Em 1930, a Condor Syndikat deixou de existir, devido a uma fusão entre empresas que resultou na criação da Deutsche Luft Hansa, e se retirou da sociedade com a VARIG. A Luft Hansa, por sua vez, criou uma nova subsidiária brasileira, o Syndicato Condor, que retomou controle dos dois aviões que operaram a Linha da Lagoa, o Dornier Wal (“Atlântico”) e o segundo avião da VARIG, o Dornier Merkur (“Gaúcho”).

O “Atlântico” teve pouco tempo de operação no Syndicato Condor e foi retirado de serviço em 1932. O primeiro avião comercial brasileiro teve um fim inglório, apesar da sua grande importância histórica.

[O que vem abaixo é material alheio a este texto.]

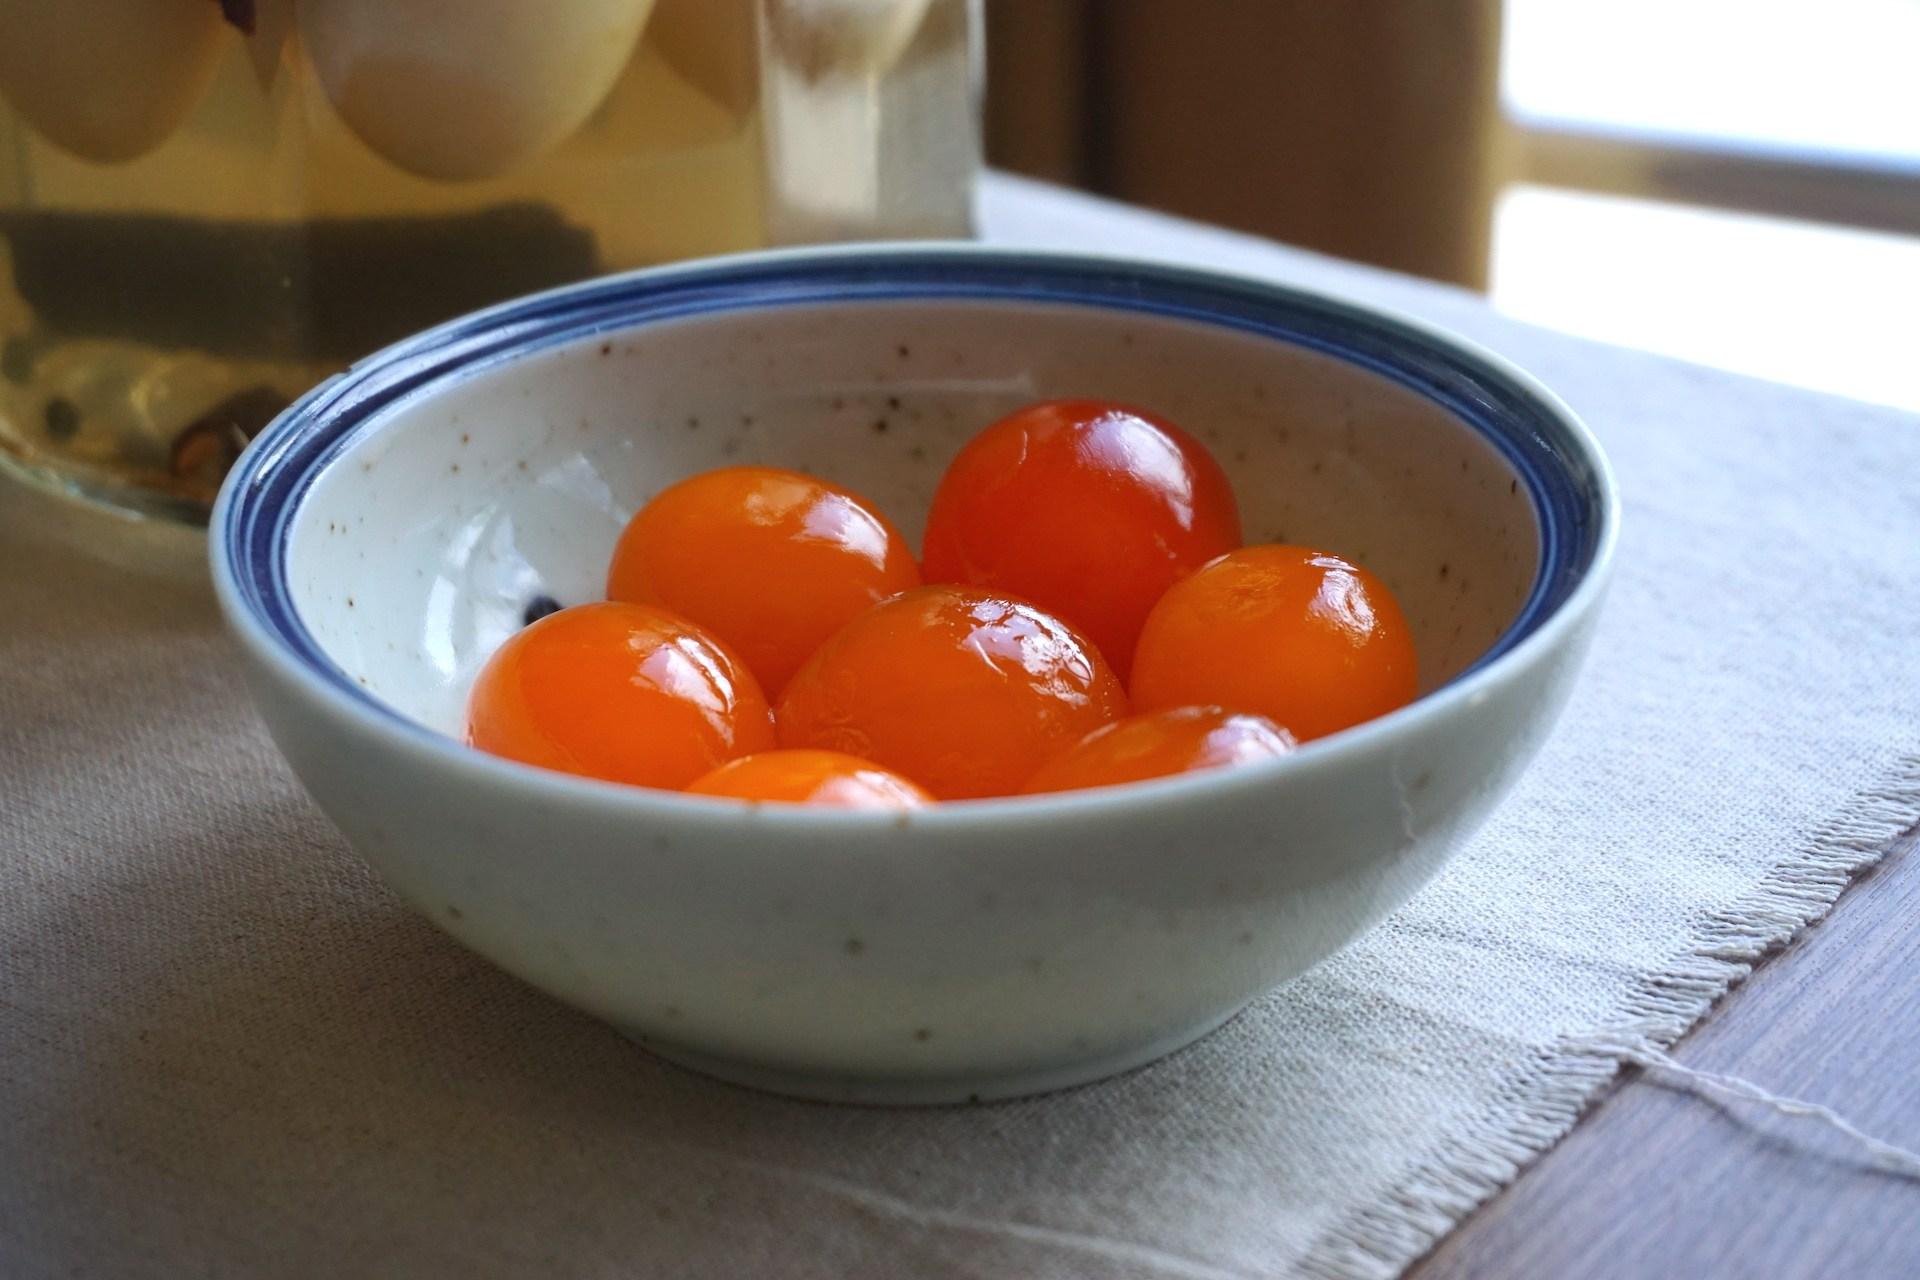 Mách bạn 3 cách làm trứng muối siêu ngon và đơn giản tại nhà

A aeronave foi desmanchada e transformada em sucata no aterro da Ponta do Calabouço, no Rio de Janeiro, local onde anos mais tarde seria construído o Aeroporto Santos-Dumont.

De todas as peças do avião, sobrou apenas uma hélice de quatro pás, que posteriormente foi recuperada pela Varig e colocada em exposição no seu museu, em Porto Alegre. Com o fim da VARIG, o museu foi abandonado, e a situação dessa peça histórica hoje é muito incerta, pois não está definido quem é o dono de tal acervo.